Of course, “reasonably” is the key word in that last sentence. Which does bring up an important point: 

As a result, whether appropriate procedures existed and whether compliance with those procedures was monitored are highly relevant factors to be evaluated when attempting to distinguish between an unfortunate but good faith compliance failure and a failure resulting from culpable conduct.
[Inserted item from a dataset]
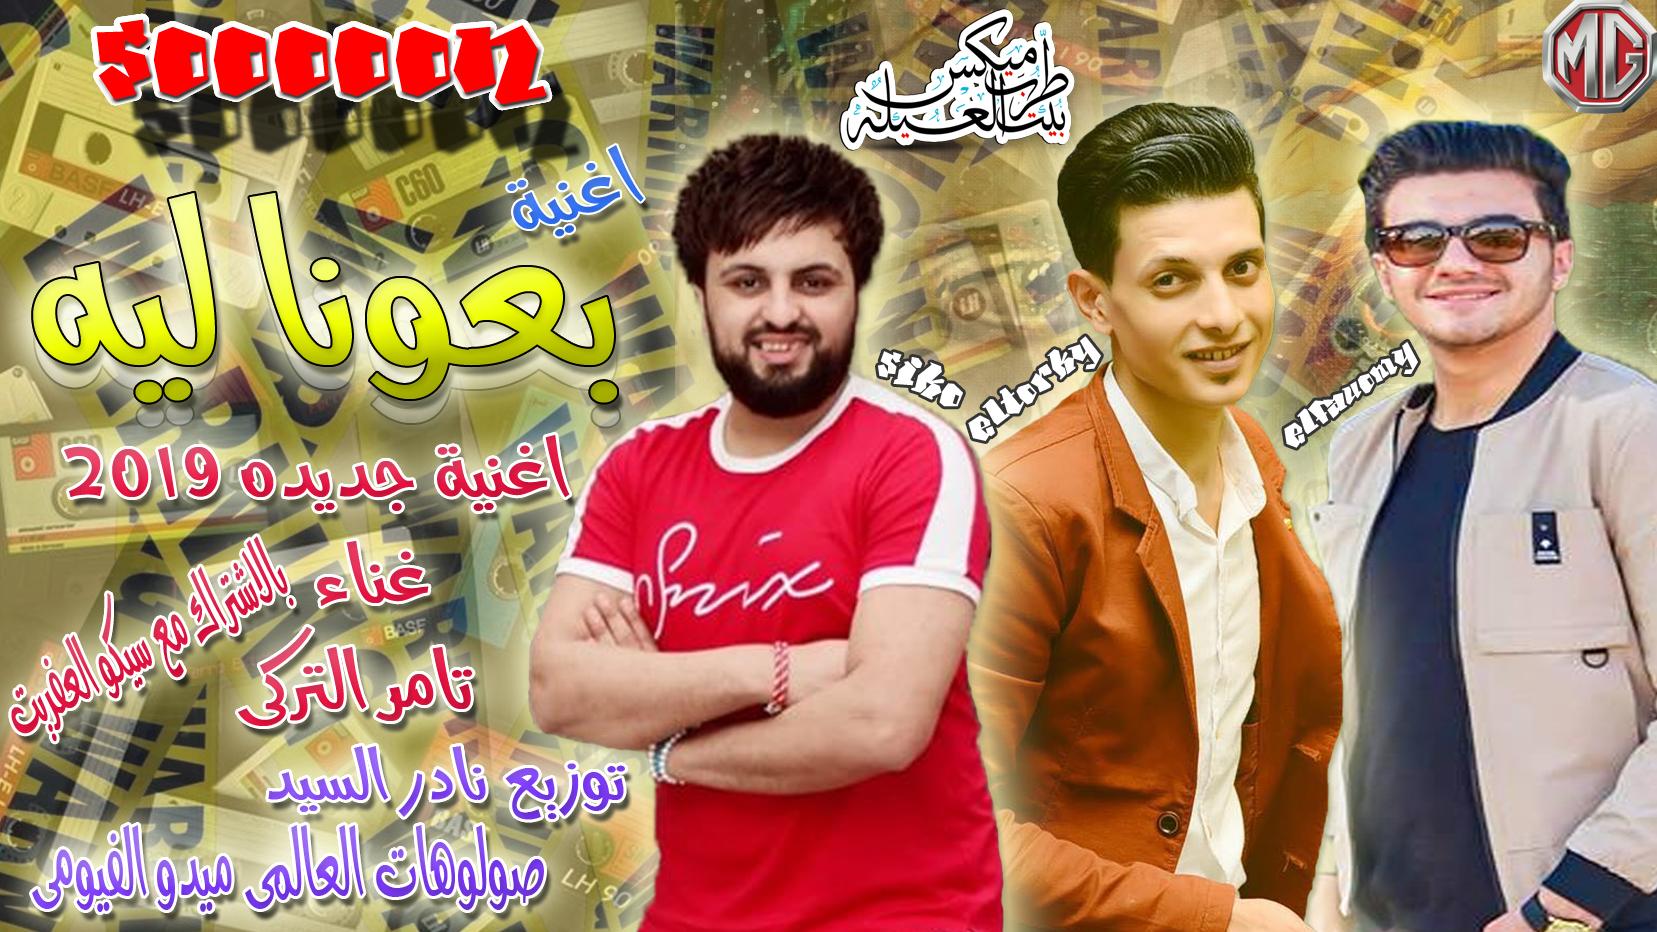 اغنية باعونا ليه تامر التركى وسكيو العفريت 2019 - هترقص الافراح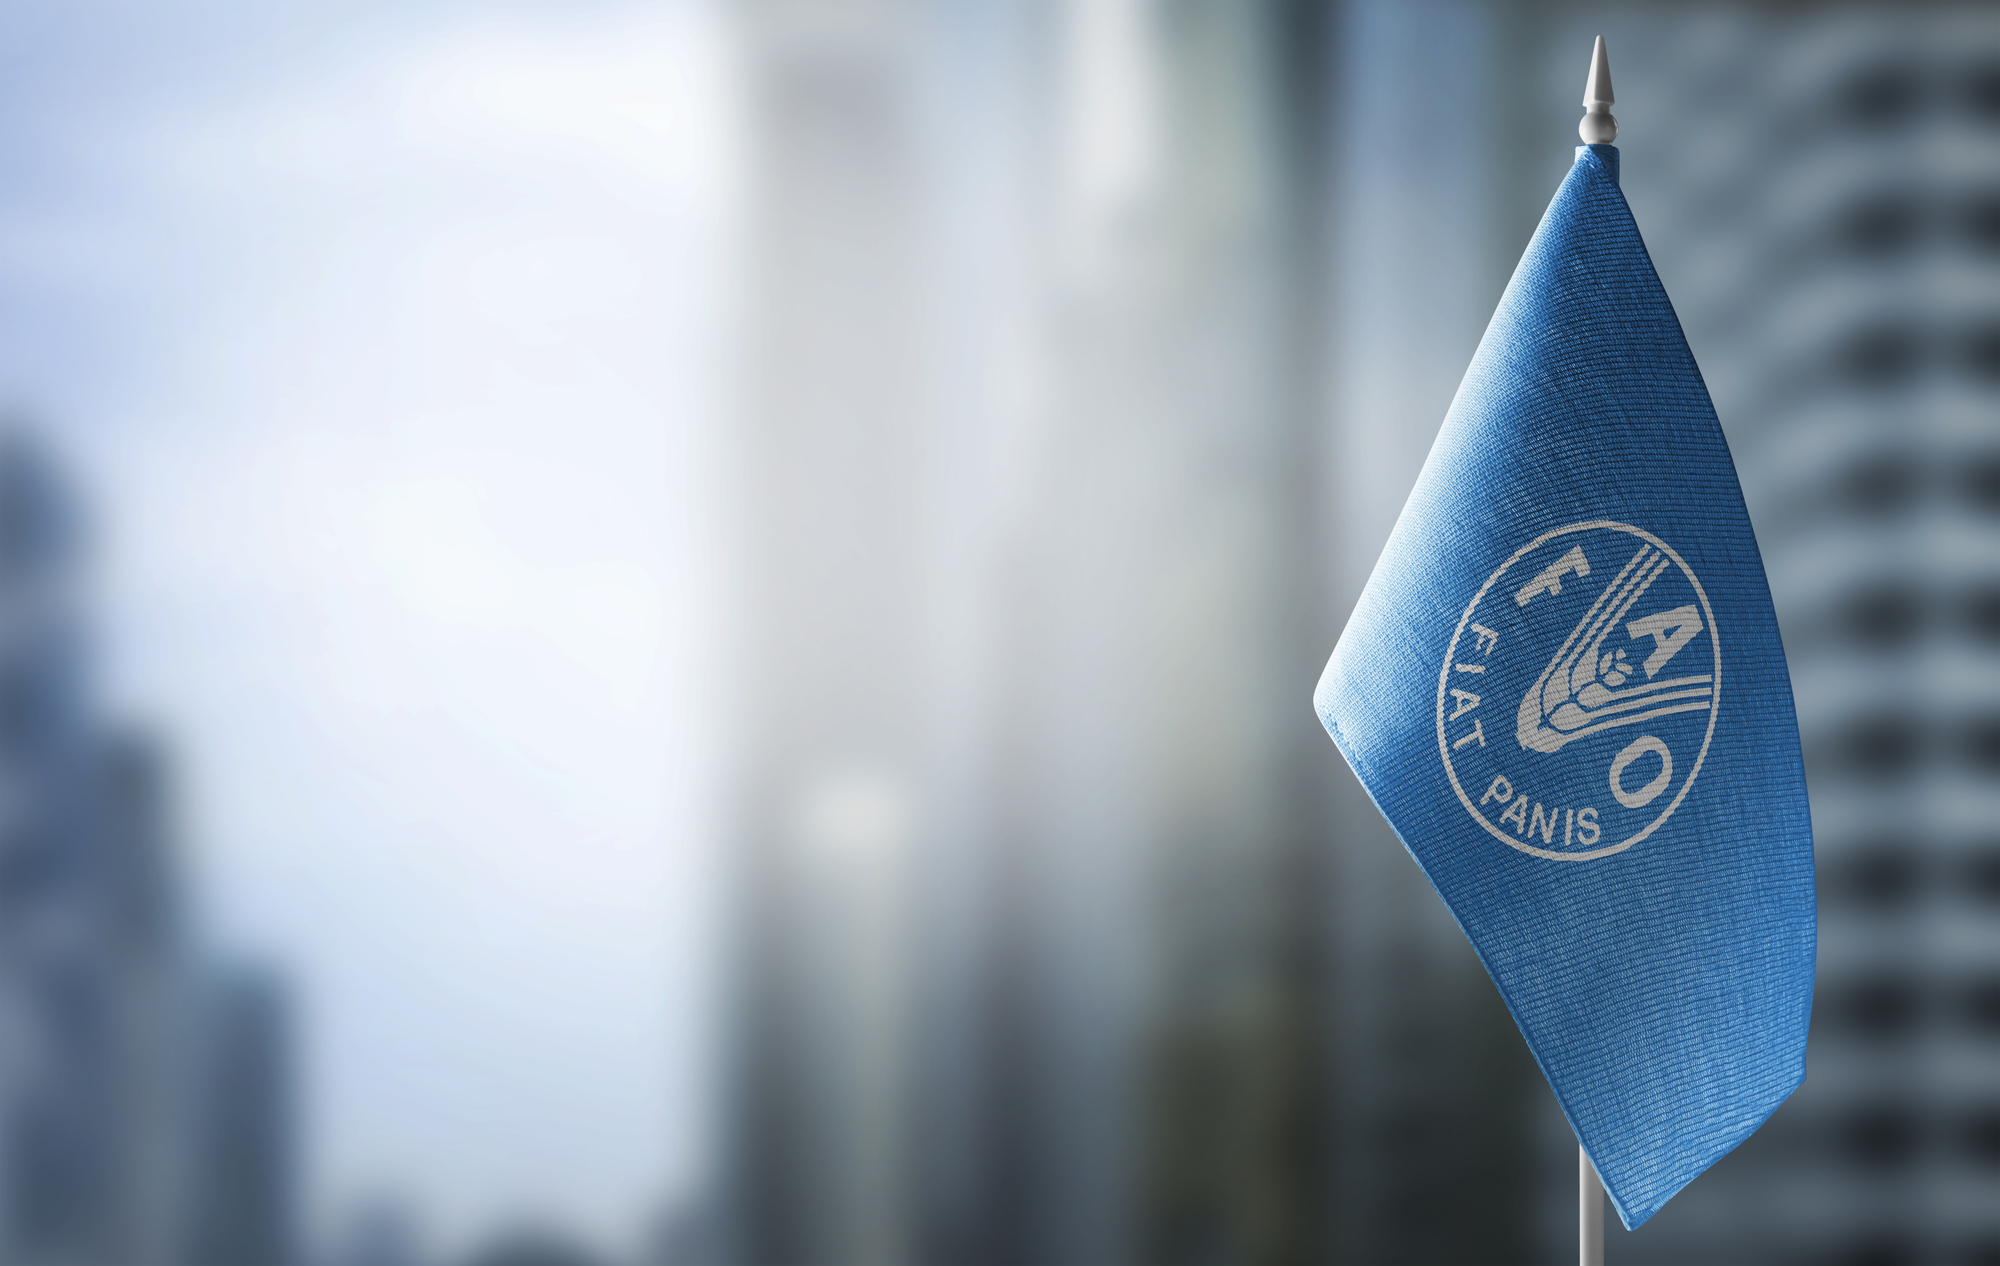 strategia nutrizionale della FAO

That’s something to contemplate if you’re a compliance officer who’s over-worked, under-resourced, and wondering whether your struggling compliance efforts will ever explode into regulatory trouble for your firm. The above passage is what your defense lawyer would make to the SEC — so be sure that you have the “appropriate procedures existed” and “compliance with those procedures was monitored” parts locked down. If not, that’s on you.

So What Happens Next?

That remains unclear. The NYC Bar Association does have friends for the cause, including Republican SEC commissioner Hester Peirce and numerous other current or former SEC staffers. Plenty of people in the building do want compliance officers to understand that the commission views them as valuable allies, not potential enforcement targets.

Still, there’s also the reality that enforcement against compliance officers is a rare thing, and in the few cases we do see, the conduct of the compliance officers usually doesn’t do them any favors. So I wonder whether CCO liability will crack the SEC’s priority list, when the agency has so many other pressing issues that need attention right now.